··· GIVEN DATA ···
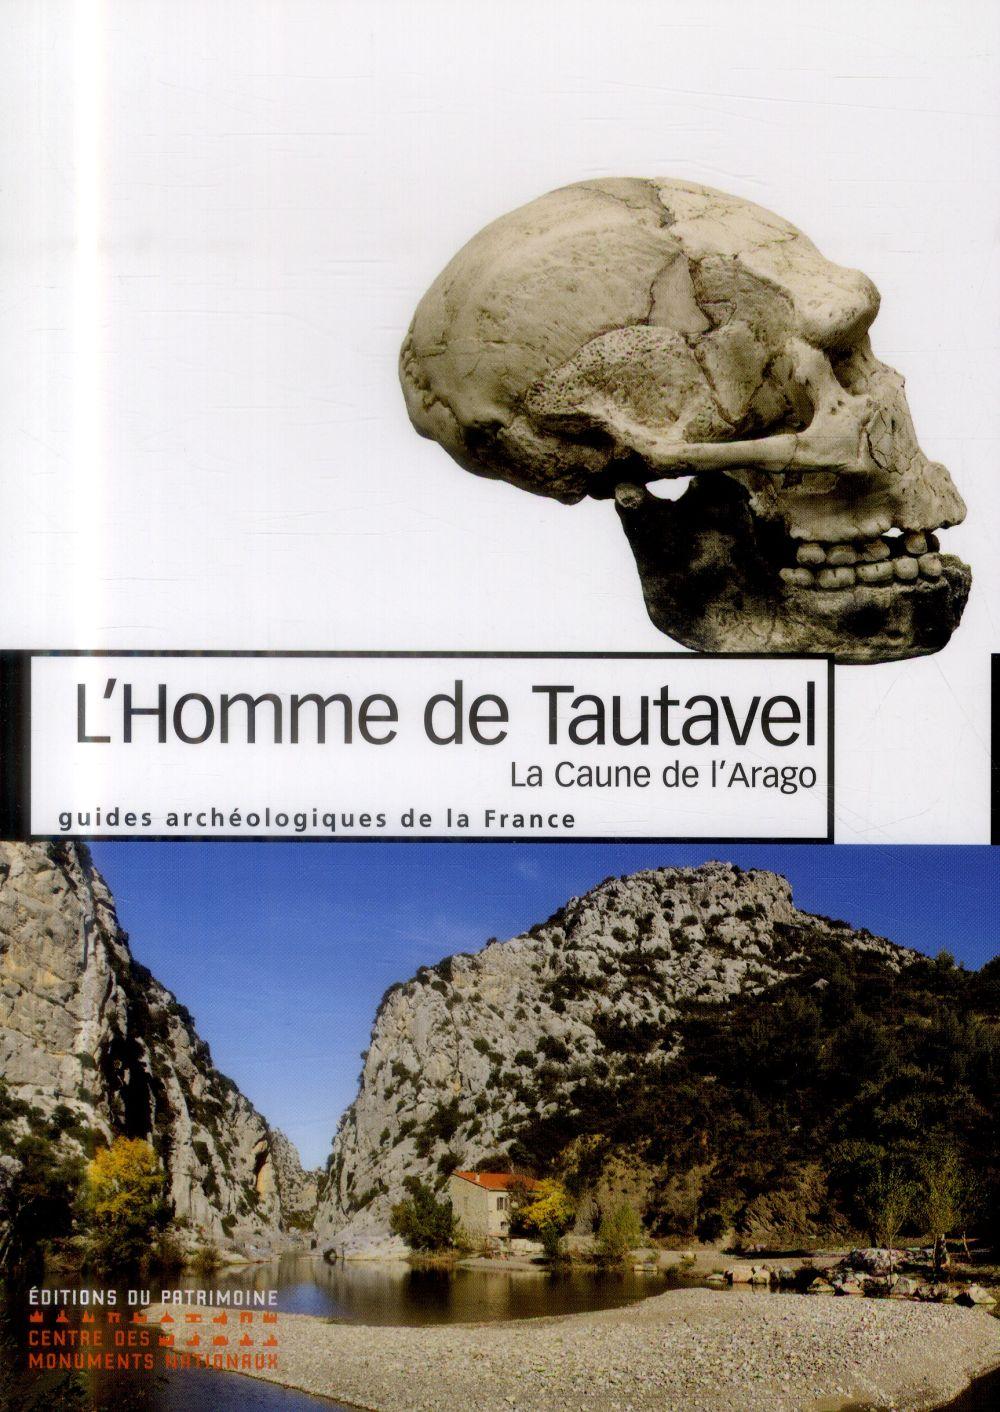 CAUNE DE L'ARAGO - HOMME DE TAUTAVEL
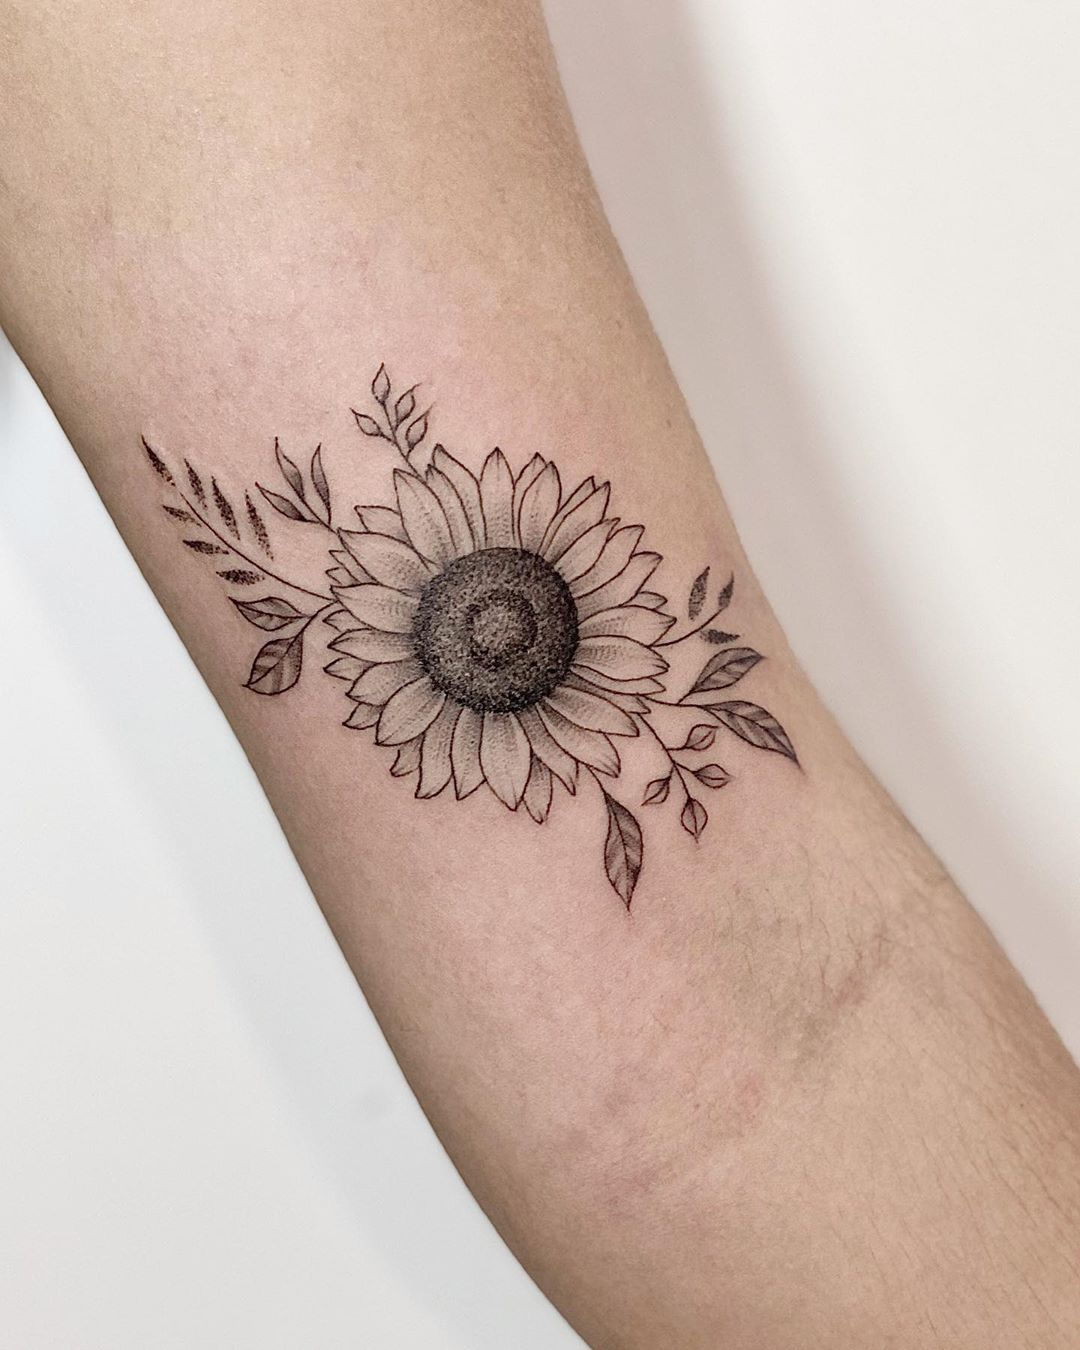 "Andrea Barreda on Instagram: ""🌻Diseño y Tattoo para Luisa Fernanda 🌻 • • • #inking #sunflower #sunflowertqttoo  #tattooing #instattoo  #inkedgirl #minitattoo #tattooer…"""
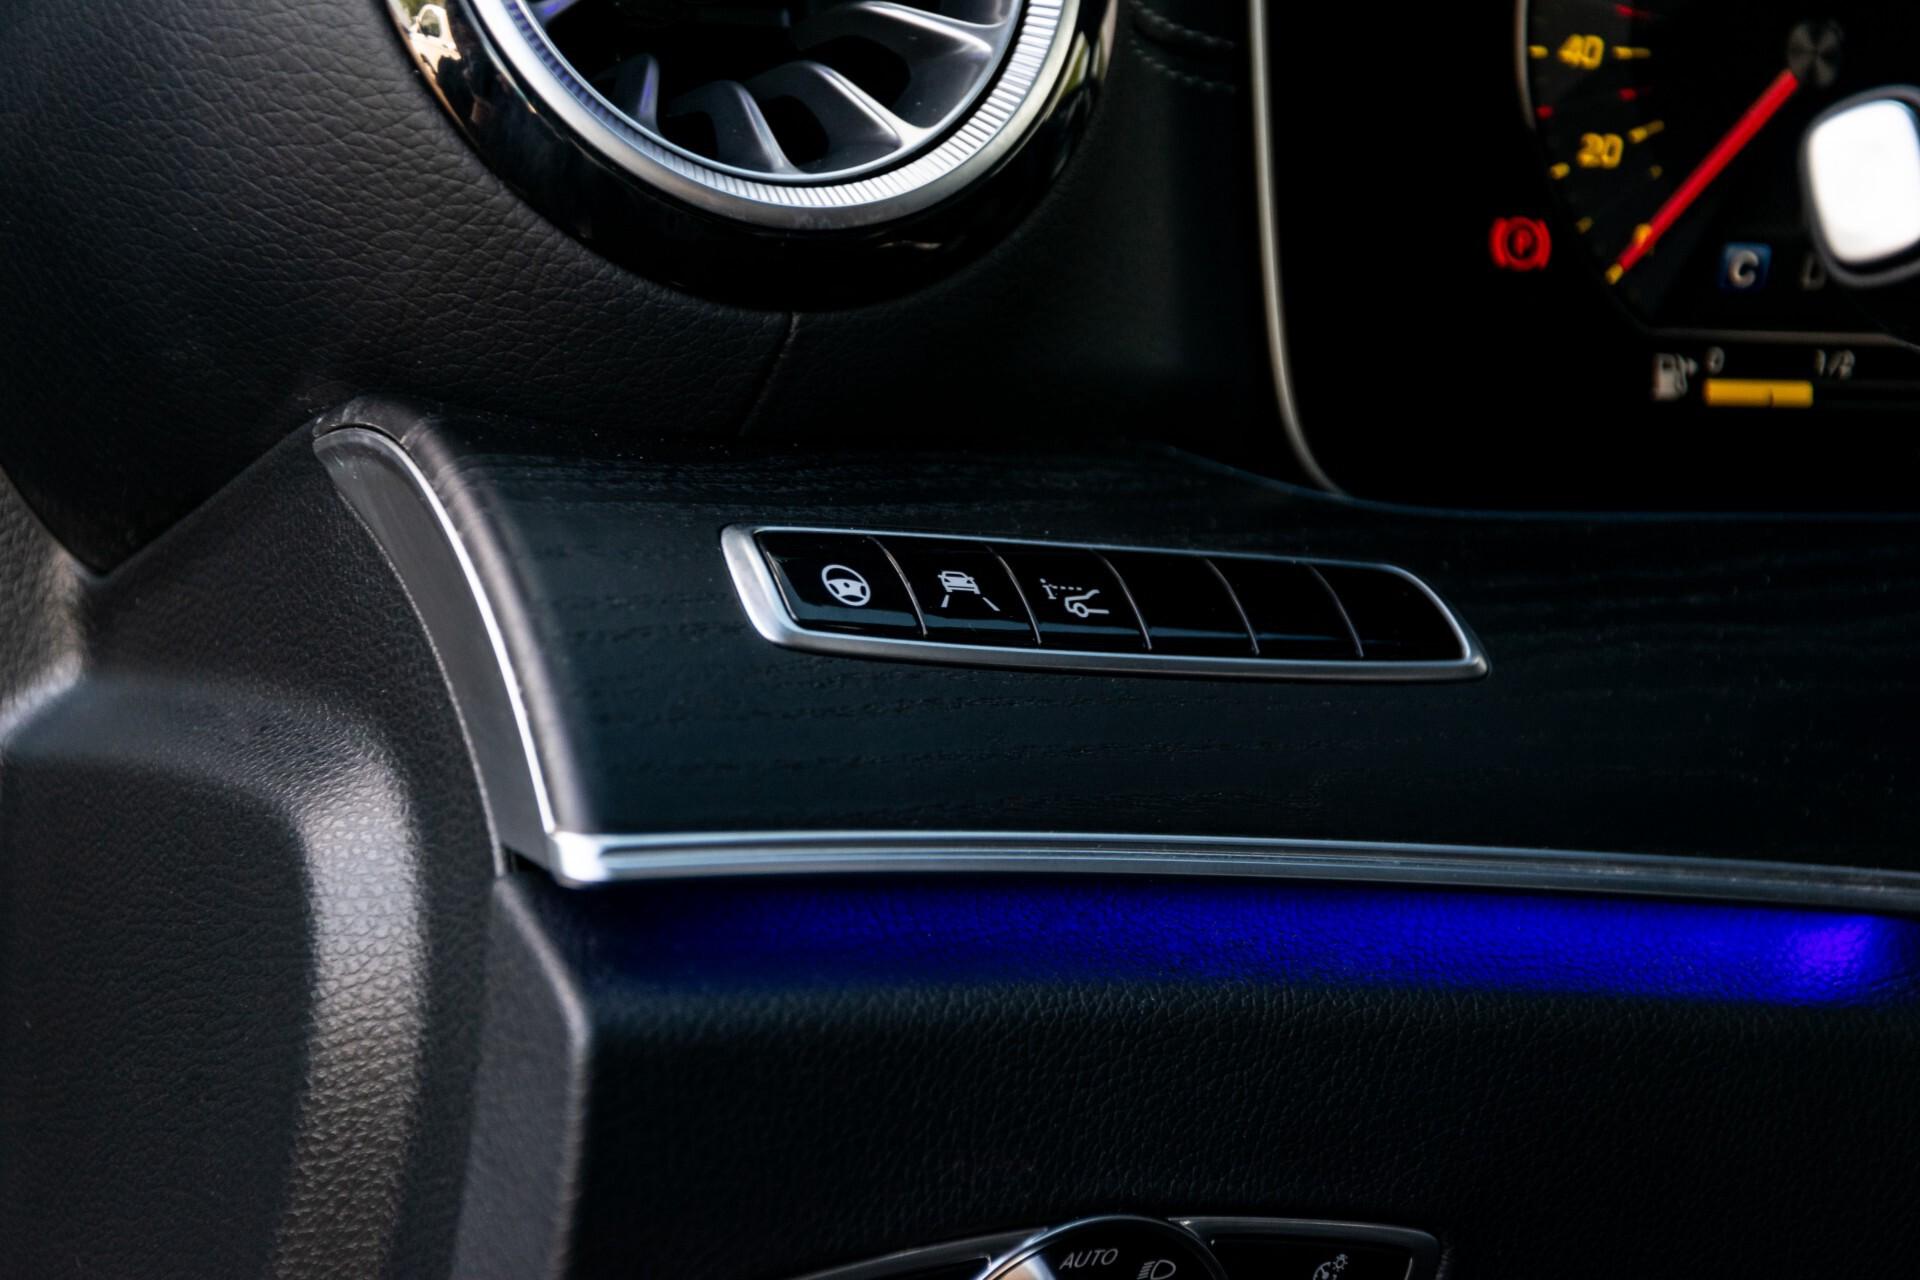 Mercedes-Benz E-Klasse Coupé 300 AMG Panorama/Rij-assist/Keyless/Massage/Memory/HUD/Standkachel/Night Aut9 Foto 42
···
• [EXERCISE BRIEF]:
Copy the entire listing exactly but skip the pictures.

• [ANSWER TO THIS PROBLEM]:
 CAUNE DE L'ARAGO - HOMME DE TAUTAVEL
 "Andrea Barreda on Instagram: ""🌻Diseño y Tattoo para Luisa Fernanda 🌻 • • • #inking #sunflower #sunflowertqttoo  #tattooing #instattoo  #inkedgirl #minitattoo #tattooer…"""
 Mercedes-Benz E-Klasse Coupé 300 AMG Panorama/Rij-assist/Keyless/Massage/Memory/HUD/Standkachel/Night Aut9 Foto 42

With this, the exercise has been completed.